Susan and Bob retired in 2007. Tired of Canadian winters, they opted to become snowbirds and purchased a place in a retirement community in Indio, California. They quickly grew to love spending winters there, developing a busy social calendar and contributing to the community in various ways. Susan joined the choir, did water aerobics, learned pickleball, and started a group that organized outings in the surrounding area.

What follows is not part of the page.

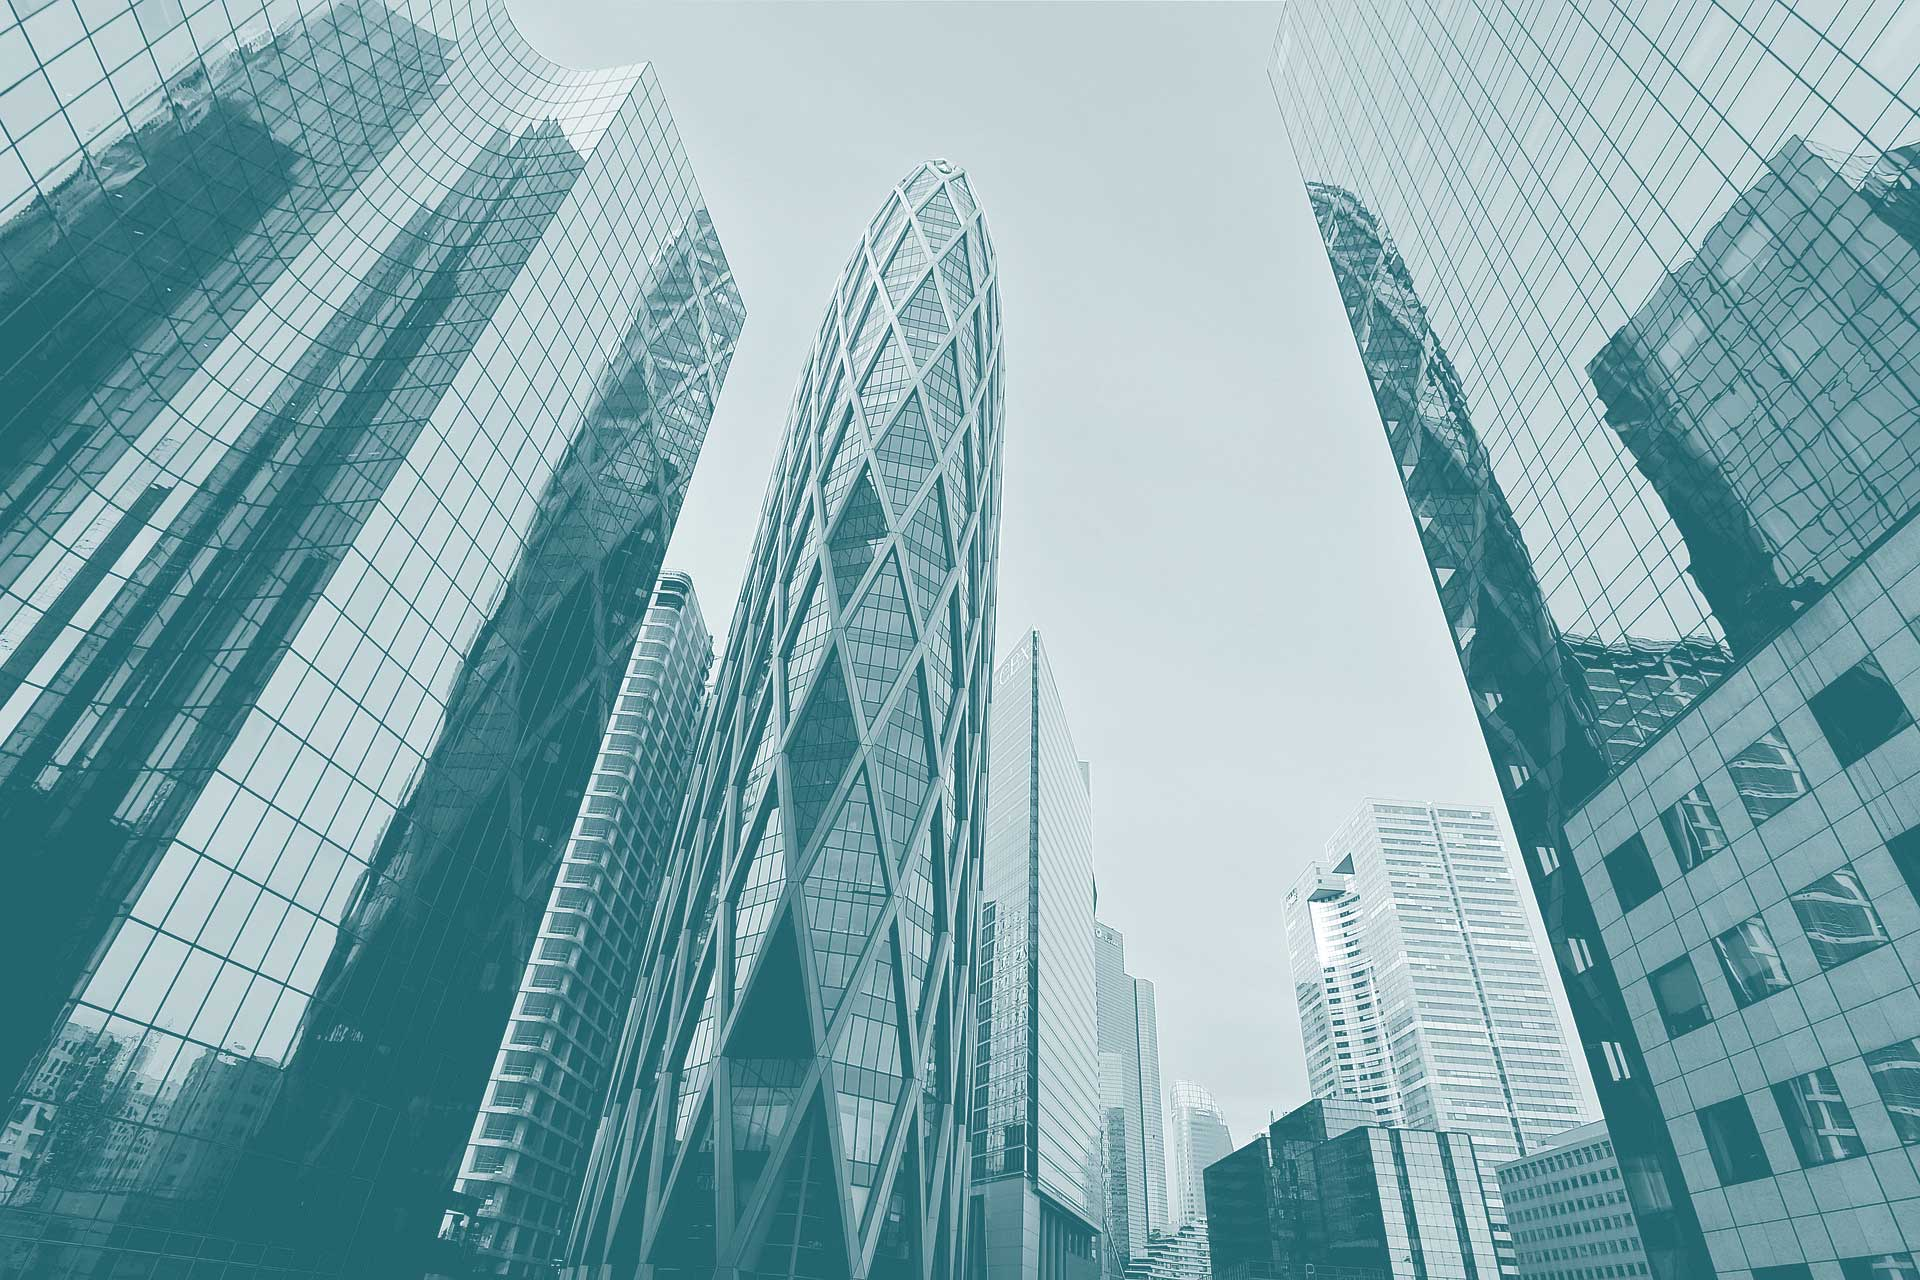 BGID-avocats-associes-droits-affaires-international-Paris-Delacarte-Itzkovitc-Bourgeois-corporate-business-associes-immobilier-creance-societe

During summers, Susan and Bob enjoyed traveling with their camper trailer. They took it on short trips to the many national parks in the Canadian Rockies. They also took two longer trips, in 2010 taking their trailer across Canada all the way to Newfoundland before driving down to their home in California, and in 2014 driving north to the Yukon and Alaska. “We were a great team during those trips,” Bob said recently as he reflected on all that they’d done.

Susan traveled to Germany regularly, not to see the sights but to see people. All four of her grandparents emigrated from Germany to Iowa in the late 1800s, and Susan took up the mantle from her mother as being the main family member in the Americas who maintained ties with relatives in Germany. She learned German and spent time there taking classes during college and staying with a family in Eching. For the rest of her life, she made a point of returning every few years to visit that family, who she grew to be very close with, and relatives in various parts of the country.

Susan received the surprising news in 2021 that she had advanced lung cancer despite never having smoked. We didn’t think she’d make it through that year. But after getting genetic testing of her tumour, she was put on a targeted cancer drug that prolonged her life for four years. In that time, she was able to attend Jeff and Nicole’s small wedding in her and Bob’s backyard (“One of the happiest days of my life,” she said recently), celebrate her and Bob’s 50th wedding anniversary, meet her third granddaughter, spend time in Indio, do more camping trips, and travel to Germany accompanied by Jeff. She was ever so grateful that modern science gave her the gift of those extra four years.

Through her illness, Bob was an extremely attentive, devoted caregiver. She said frequently that marrying him was the best decision of her life.

Susan is survived by her husband of 52 years Robert (Bob) Langin; children Katie, Dave, and Jeff; son in law and daughters in law Dirk, Alison, and Nicole; grandchildren Charlotte, Allie, and Norah; and siblings Gary, Becky, Byron, Peter, and Judy. She was able to develop a deep love for her first grandson, due in September, although she expressed regret in her final days that she wouldn’t get to meet him and didn’t have the energy to make him a blanket. “But I know he’ll be surrounded by a lot of love,” she said.

All her kids and grandkids, as well as two siblings (Gary and Judy), made it to Cranbrook in time to spend the final days and hours with her. The house was full of people and love. Her mind remained active and lively, doing Wordle and regaling those at her bedside with tales of important people in her life.

Her family is deeply saddened that cancer cut short her life. But we’re trying to think positively, as she would have wanted us to do, by focusing on all that she did in her long life and all that we can be grateful for. She lived by her mother’s motto “Think High Thoughts”—and we’re trying to do that, too.

Susan didn’t want a formal memorial service. She shared an alternate vision in an email to her family: “I would encourage those who knew me to grab a beverage and to think about our special relationship with each other, laugh about a certain instance, and make a farewell toast.  I think that might be a meaningful way for people to deal with their individual feelings in their own ways and wherever they are.”

In memory of her, the family kindly requests that, instead of flowers, donations be made to the BC Cancer Foundation, the Cranbrook Food Bank, or any similar organization.